A protest in support of the 43 student teachers who disappeared in Iguala, Guerrero.

Videos showing suspects in the case of the 43 missing students being tortured will support a criminal case against ex-officials who allegedly fabricated the former government’s official version of events about what happened to the young men.

The now-defunct Center for Investigation and National Security made 40 recordings of officials subjecting suspects to torture, according to a report by the newspaper Milenio.

The recordings were made between October 2014 and January 2015 – the first four months after the Ayotzinapa rural teachers college students disappeared in Iguala, Guerrero, on September 26, 2014.

Government sources told Milenio that the videos are part of a file compiled by the Special Investigation and Litigation Unit for the Ayotzinapa case, a division of the federal Attorney General’s Office.

The file documents “massive and systematic manipulation” of evidence in order to fabricate the previous government’s so-called “historical truth,” officials said.

Screenshots from videos showing police torturing interrogation subjects related to the Ayotzinapa case.

First proffered by former attorney general Jesús Murillo Karam at a press conference in January 2015, the “historical truth” contended that the students, traveling on a bus they commandeered to go to a protest in Mexico City, were intercepted by corrupt municipal police who handed them over to members of the Guerreros Unidos crime gang who subsequently killed them, burned their bodies in a dump in the municipality of Cocula and disposed of their remains in a nearby river.

The current federal government has rejected its predecessor’s version of events and launched a new investigation.

According to the sources who spoke with Milenio, the purpose of torturing suspects was not to extract factual information from them.
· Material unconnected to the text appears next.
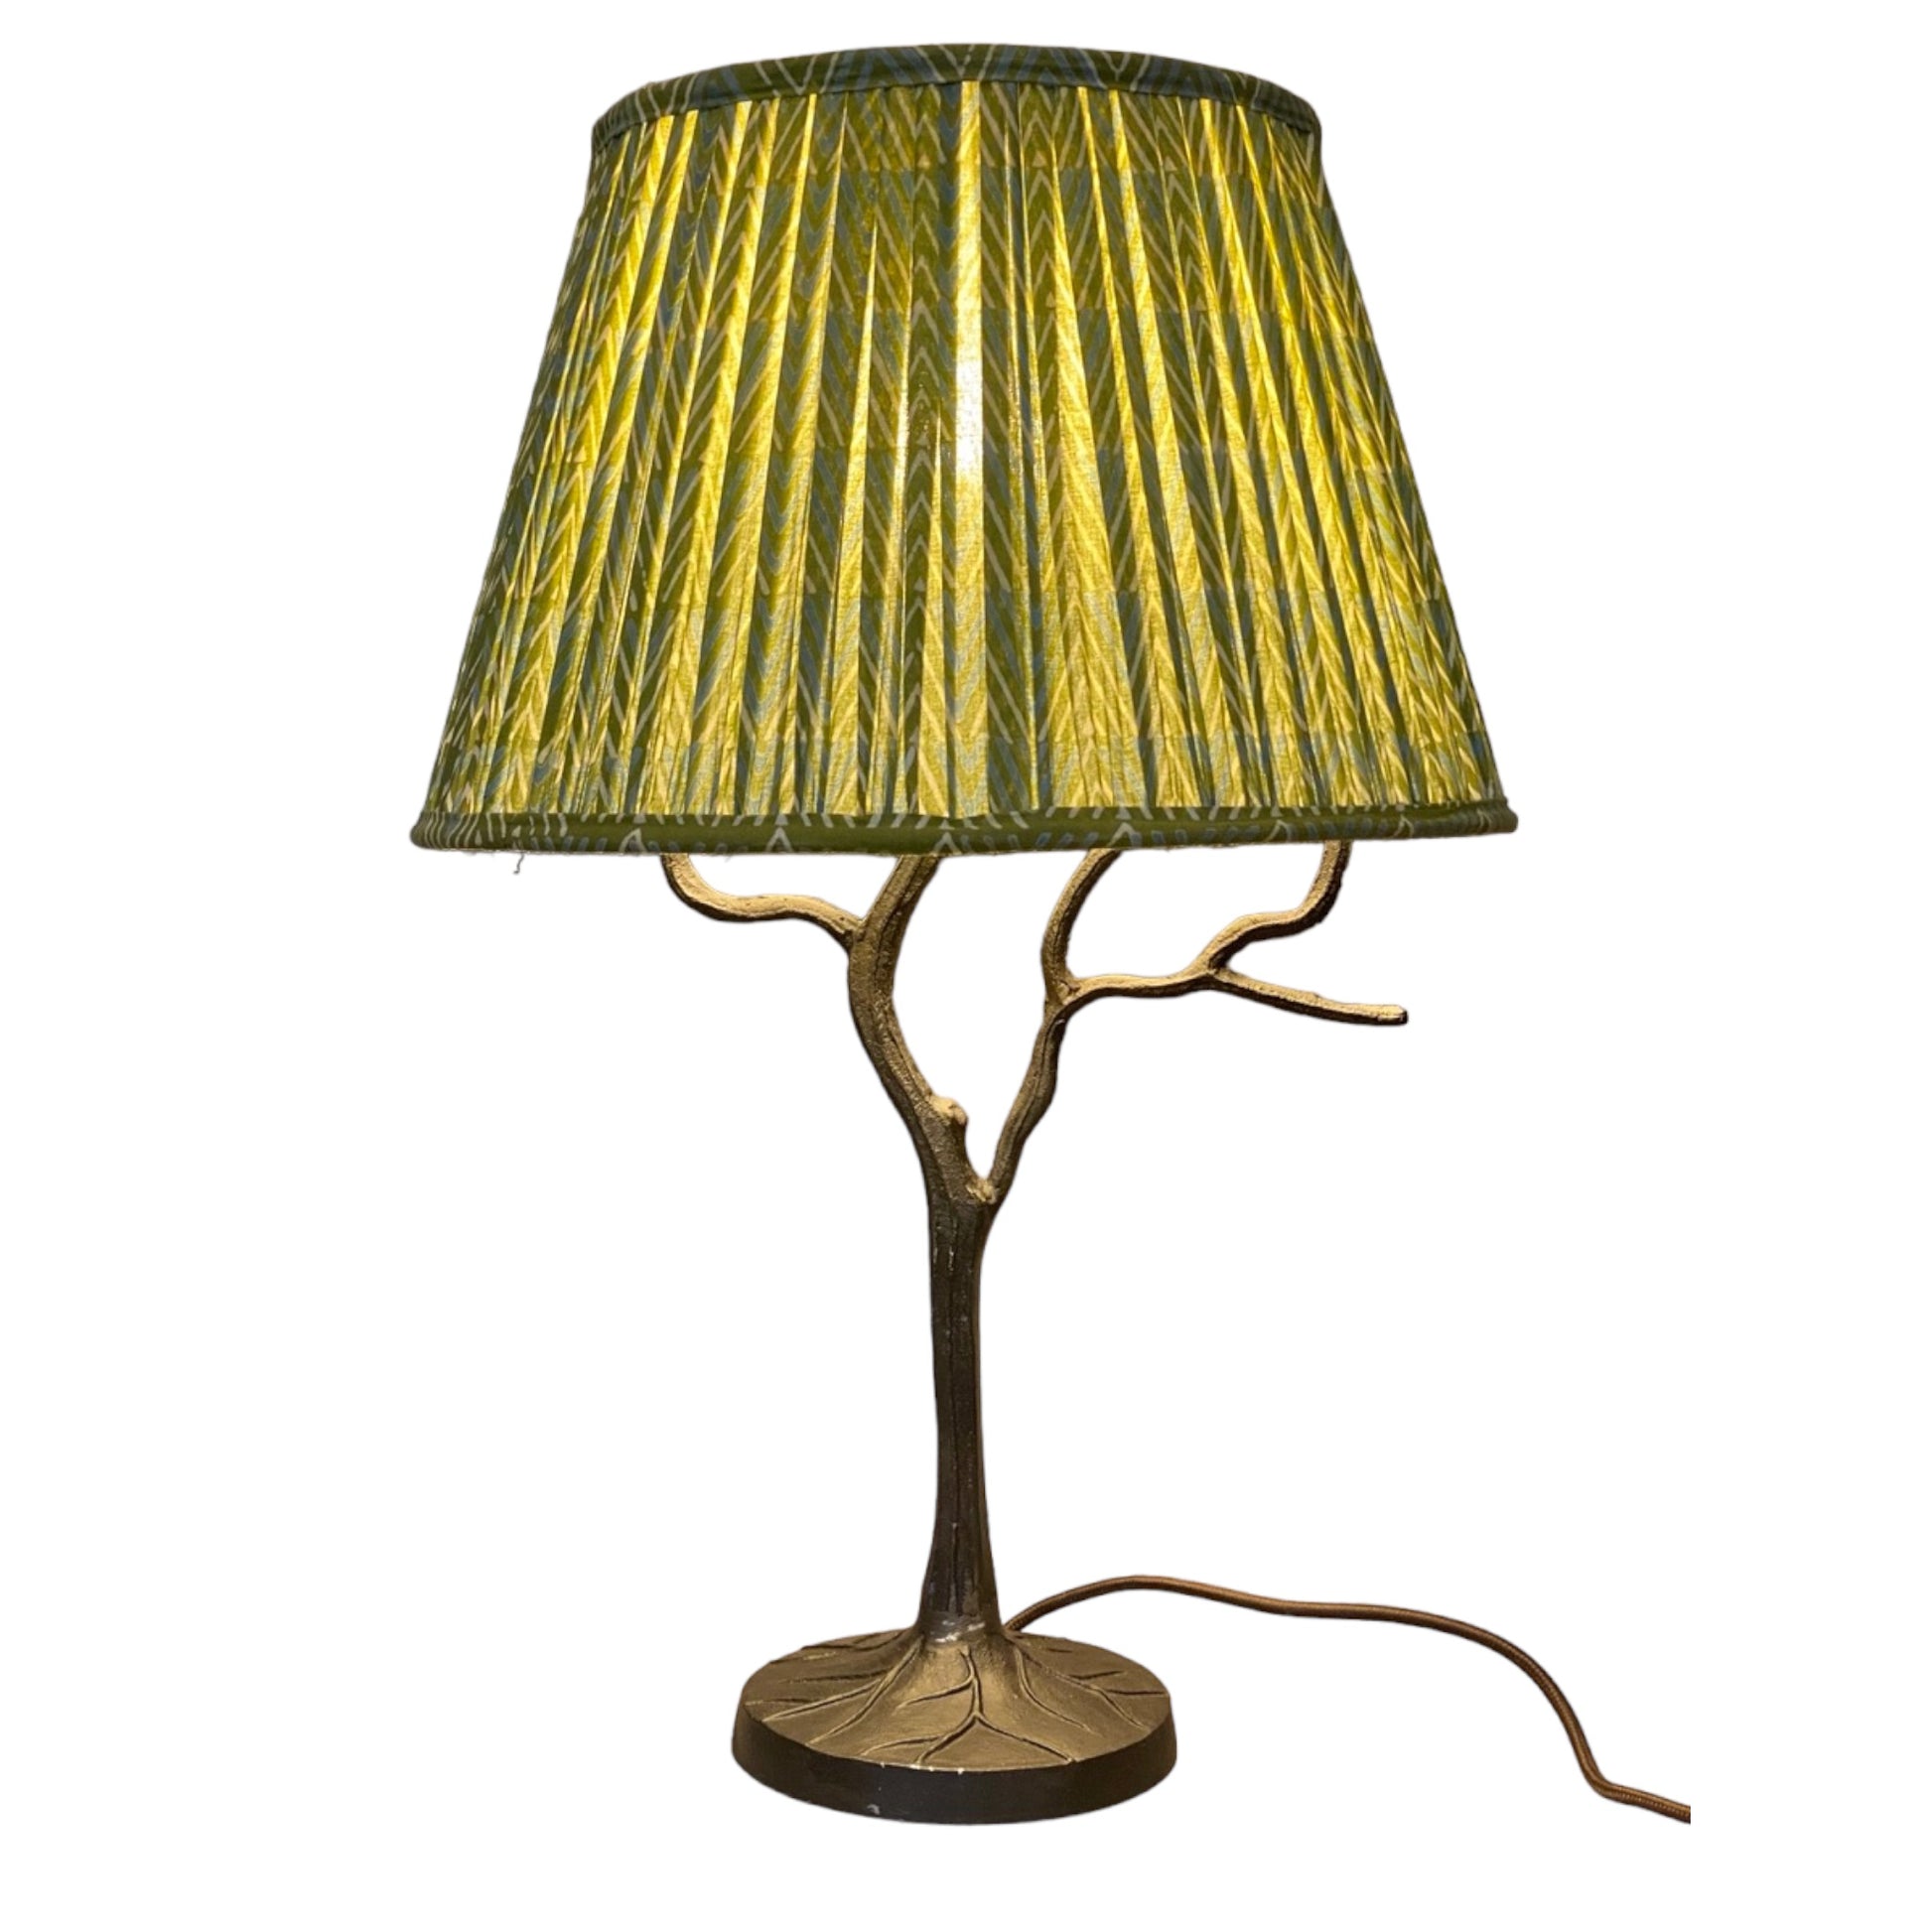 Adita tree lamp lit

Instead, it was used to break the suspects down intellectually and emotionally so they would become “repeaters” of the version of events concocted by Murillo and Tomás Zerón, former head of the now-defunct Criminal Investigation Agency.

Zerón, whom Mexico is trying to extradite from Israel, anti-kidnapping unit chief Gualberto Ramírez, other officials of the Attorney General’s Office (known at the time as the PGR) and security force members are seen torturing suspects in the 40 videos, officials told Milenio. Lawyers for the suspects also appear in the footage.

The Special Investigation and Litigation Unit’s file includes an expert international analysis that determined that Zerón’s voice is audible in some of the videos.

The file also contains evidence that the PGR and other former law enforcement officials staged crime scenes, fabricated supposed proof, destroyed and discarded evidence, failed to follow some lines of investigation and were generally negligent in their work.

Milenio reported that the 40 videos are part of an “arsenal of evidence” that the Special Investigation and Litigation Unit will use to support criminal complaints against the officials involved. The FGR believes they were part of a coordinated network aiding the construction of the official version of events, government sources said.

The Ayotzinapa unit, headed up by special prosecutor Omar Gómez Trejo, has convinced some 20 former PGR officials who are not under investigation to reveal what they know about the case.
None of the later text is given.